SNEL11: fundo imobiliário dobra base de cotistas no ano e chega a 130 mil investidores
O fundo imobiliário SNEL11 praticamente dobrou sua base de investidores ao longo de 2026 e atingiu 130 mil cotistas. No início de janeiro, eram cerca de 65 mil, o que indica a entrada de aproximadamente 65 mil novos investidores em pouco mais de oito meses.
O avanço corresponde a uma alta de 100% na base de investidores desde o começo do ano. Na prática, o fundo repôs, em novos cotistas, o mesmo contingente que possuía em janeiro, ampliando de forma relevante sua presença entre as pessoas físicas.
Esse movimento ocorre em paralelo à expansão no mercado de geração de energia solar. A estratégia tem sido ampliar escala com a aquisição e operação de usinas fotovoltaicas voltadas à geração distribuída, ancoradas em contratos de longo prazo.
SNEL11 registra R$ 13,36 mi e ativos avançam 11,2%
O fundo apurou R$ 13,36 milhões em resultado distribuível em julho de 2026. Já o valor justo dos imóveis adquiridos nas segunda e terceira emissões apresentou valorização de 11,2% desde dezembro do ano passado, passando de R$ 279,26 milhões para R$ 310,50 milhões, segundo o relatório gerencial.
A reavaliação, baseada em laudos de avaliação, apontou desempenho positivo na maior parte dos projetos. Entre os destaques, as usinas São Bento valorizaram 21%, Liberdade subiu 18,5% e Catena avançou 13,6% no valor atribuído.
Na outra ponta, Pains e Pirassununga foram os únicos ativos com revisão negativa, de -0,9% e -9,7%, respectivamente. As variações refletem características específicas de desempenho e as premissas empregadas nas avaliações de cada empreendimento.
Além da valorização, houve avanço na ocupação de parte do portfólio de geração solar. O fundo celebrou dois contratos de locação com a Setta Energia para 2,65 MWp de capacidade nas usinas Várzea 2 e 3, o equivalente a aproximadamente 43,5% da capacidade total do projeto.
Os contratos foram firmados no modelo Take or Pay, têm prazo de cinco anos e preveem o diferimento dos seis primeiros aluguéis.

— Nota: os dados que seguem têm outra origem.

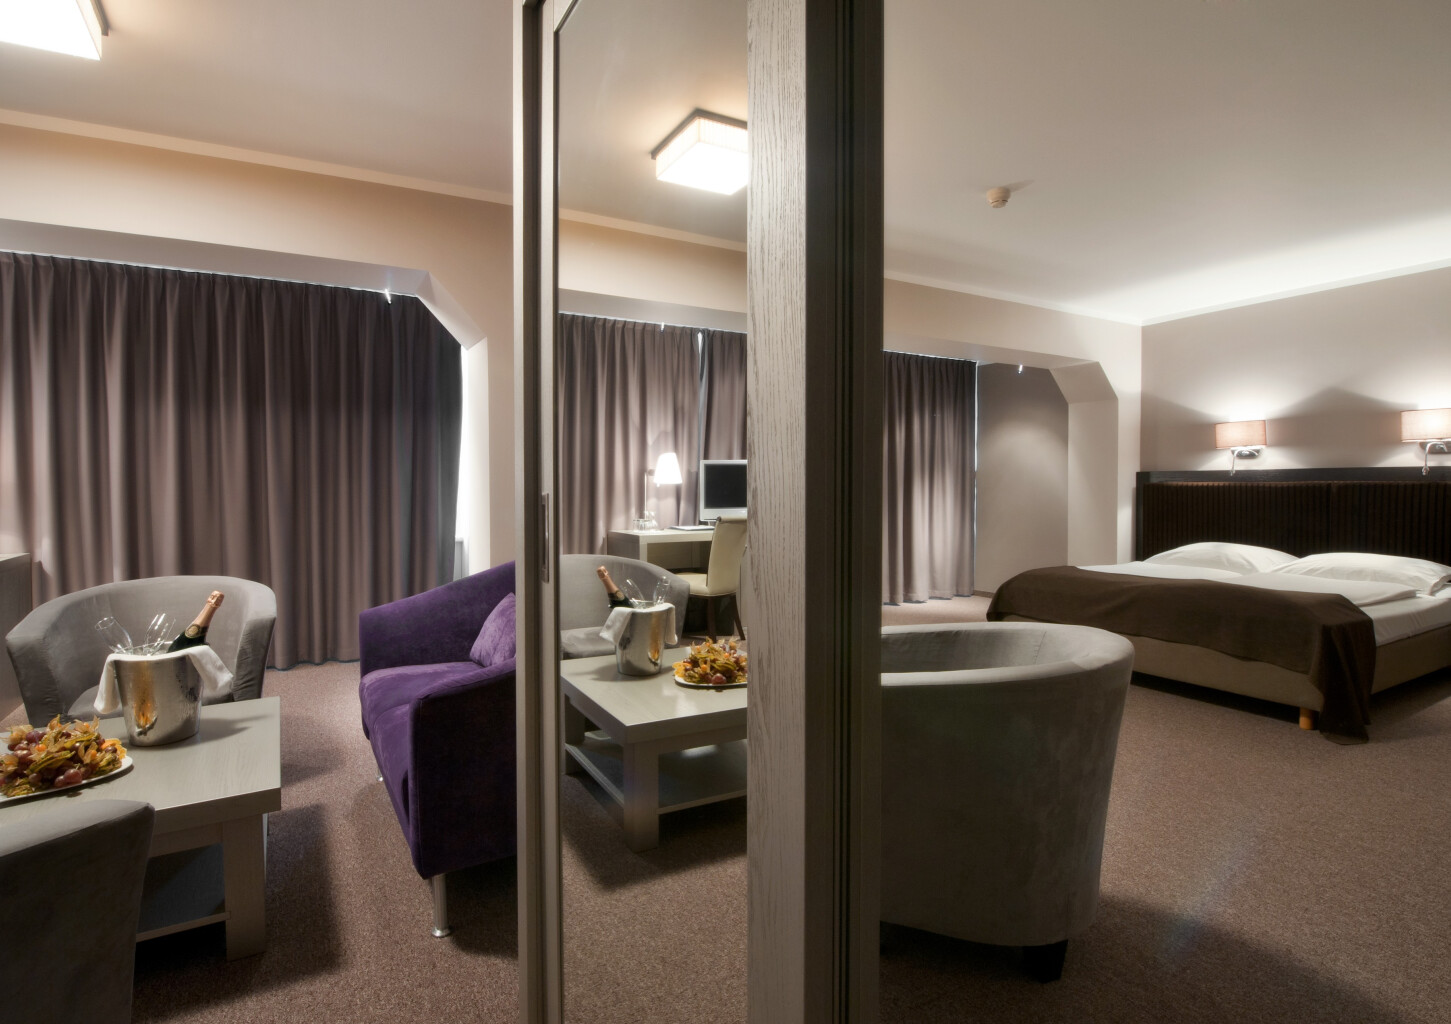 Отдых в номере Apartment Double гостиницы Bellevue Park Hotel Riga

Os valores serão pagos em parcelas mensais e iguais entre o 20º e o 31º mês, enquanto a geração de caixa no período será sustentada pelo mecanismo de Renda Mínima Garantida (RMG) previsto na aquisição do ativo.

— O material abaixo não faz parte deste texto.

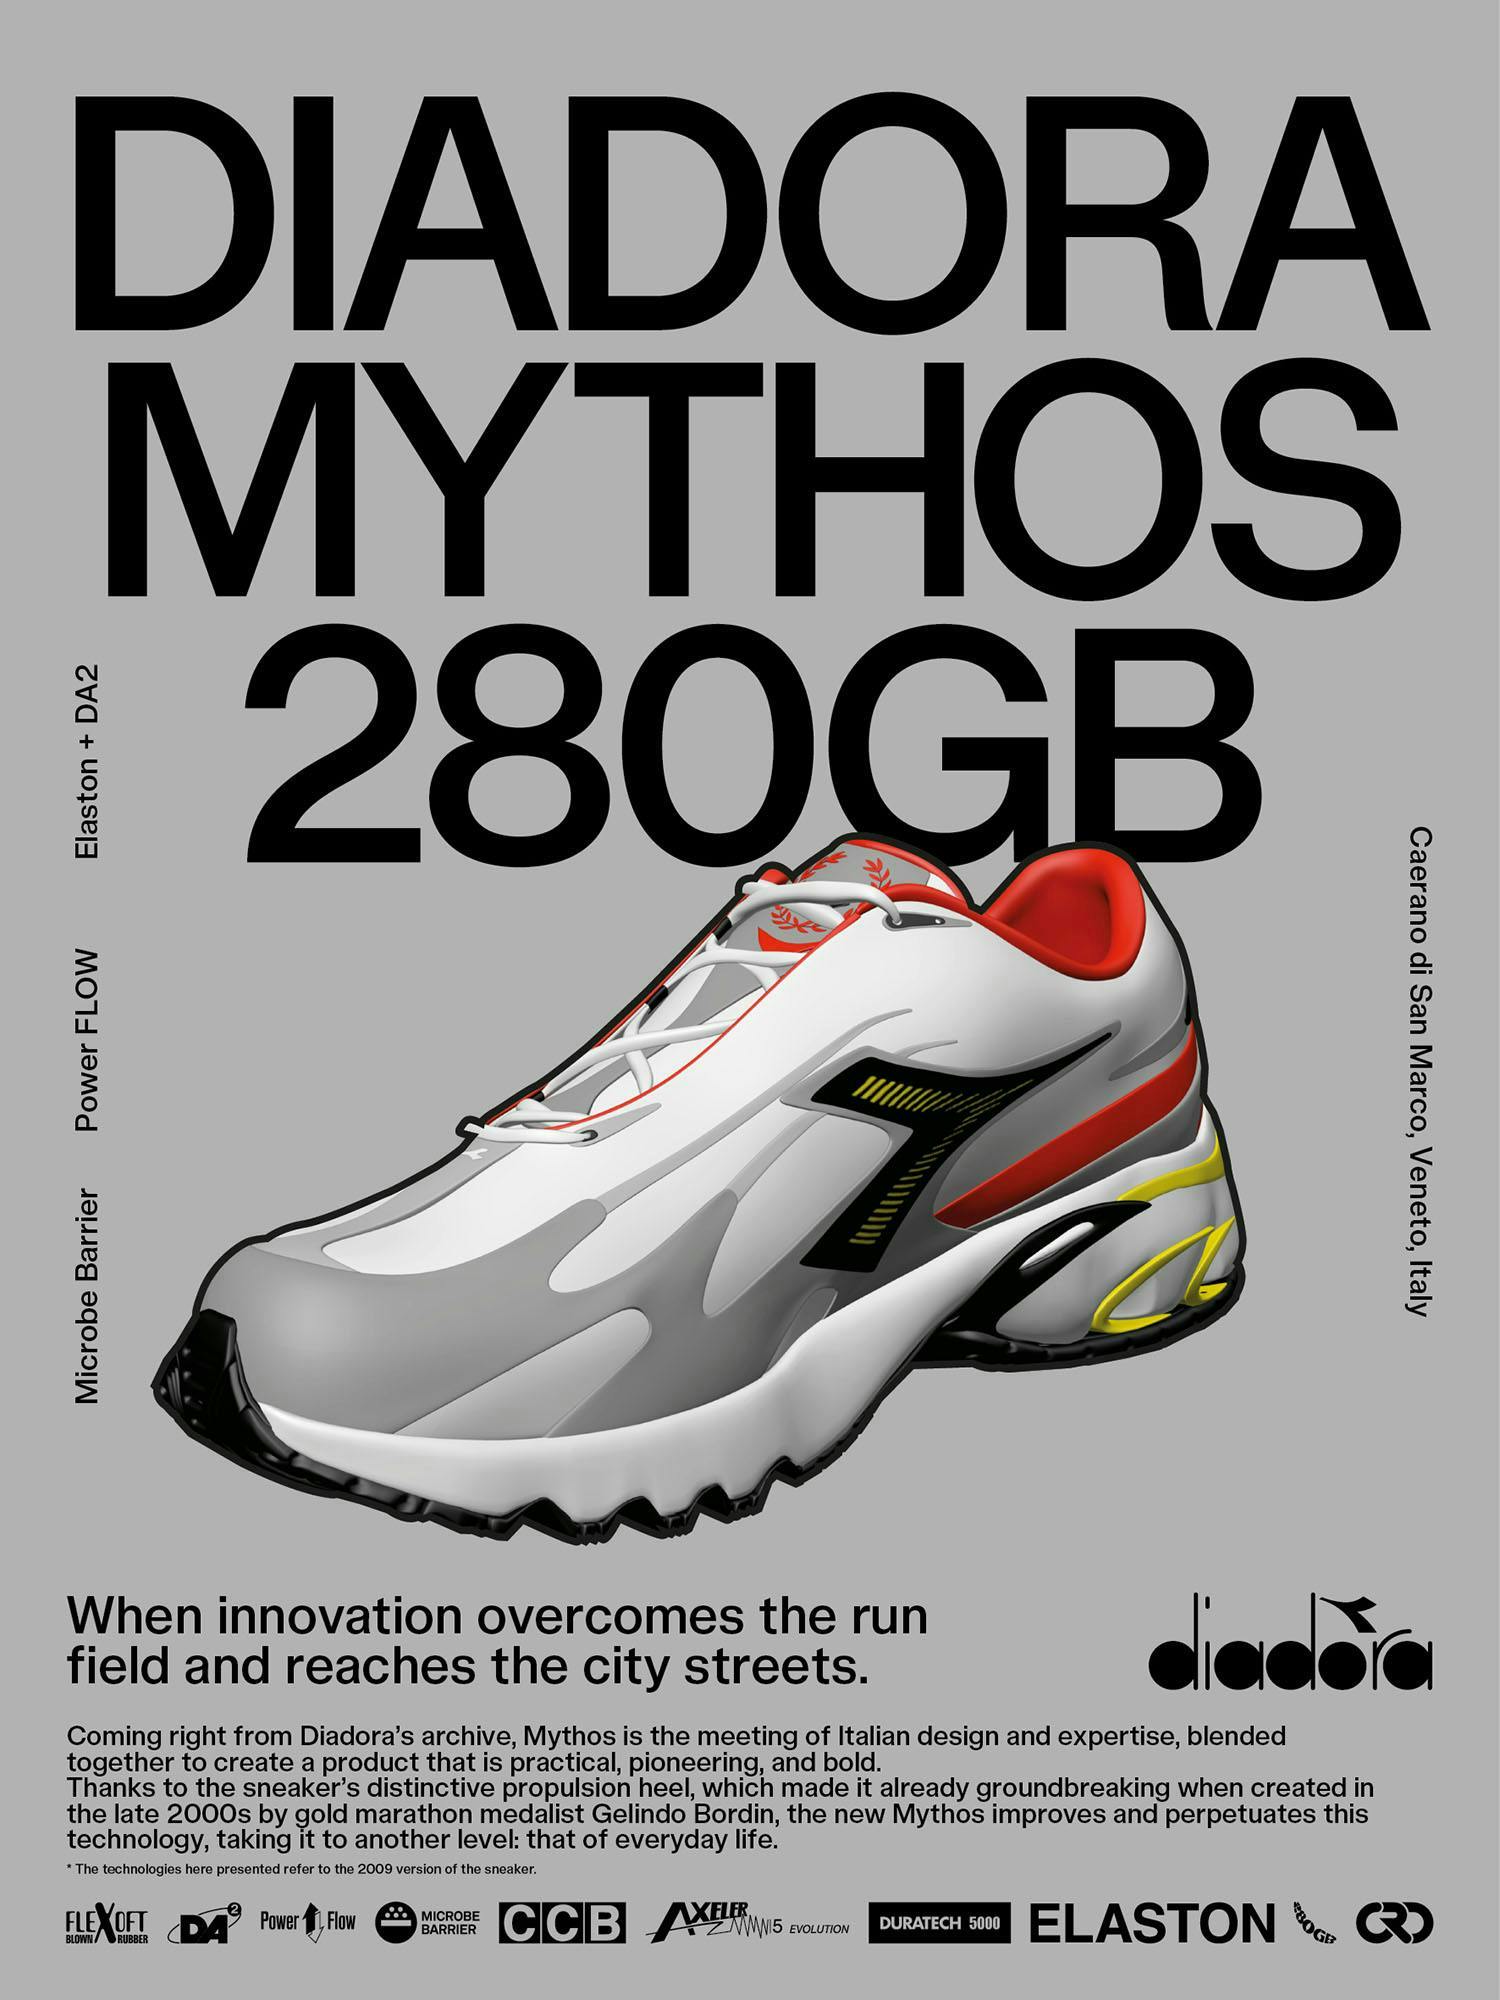 Il poster di presentazione delle nuove Diadora Mythos 280GB (Courtesy Diadora)

FII amplia ocupação e mantém receita protegida
Outro movimento relevante ocorreu na UFV Matozinhos 1, que teve o contrato de locação transferido da Enercooper para a Ultra Energia após pedido de rescisão do acordo anterior. Os débitos e a multa contratual estão em processo de cobrança.
O novo contrato com a Ultra Energia tem prazo de três anos, renovável por igual período, e foi estruturado no modelo de energia compensada. De acordo com a gestão, a nova locatária possui demanda imediata pela capacidade integral da usina, o que deve permitir um período curto de ramp-up.
A operação reduz a exposição a um eventual intervalo de ociosidade do ativo durante a troca de locatário, uma vez que o projeto permanece coberto pela RMG. Esse mecanismo garante estabilidade à geração de caixa enquanto ocorre a transição.
Com as duas movimentações, o fundo passa a contar com novos contratos para parte da capacidade de Várzea 2 e 3 e para a totalidade de Matozinhos 1. A estratégia preserva a geração de receita dos empreendimentos enquanto a gestão avança na ocupação de sua capacidade.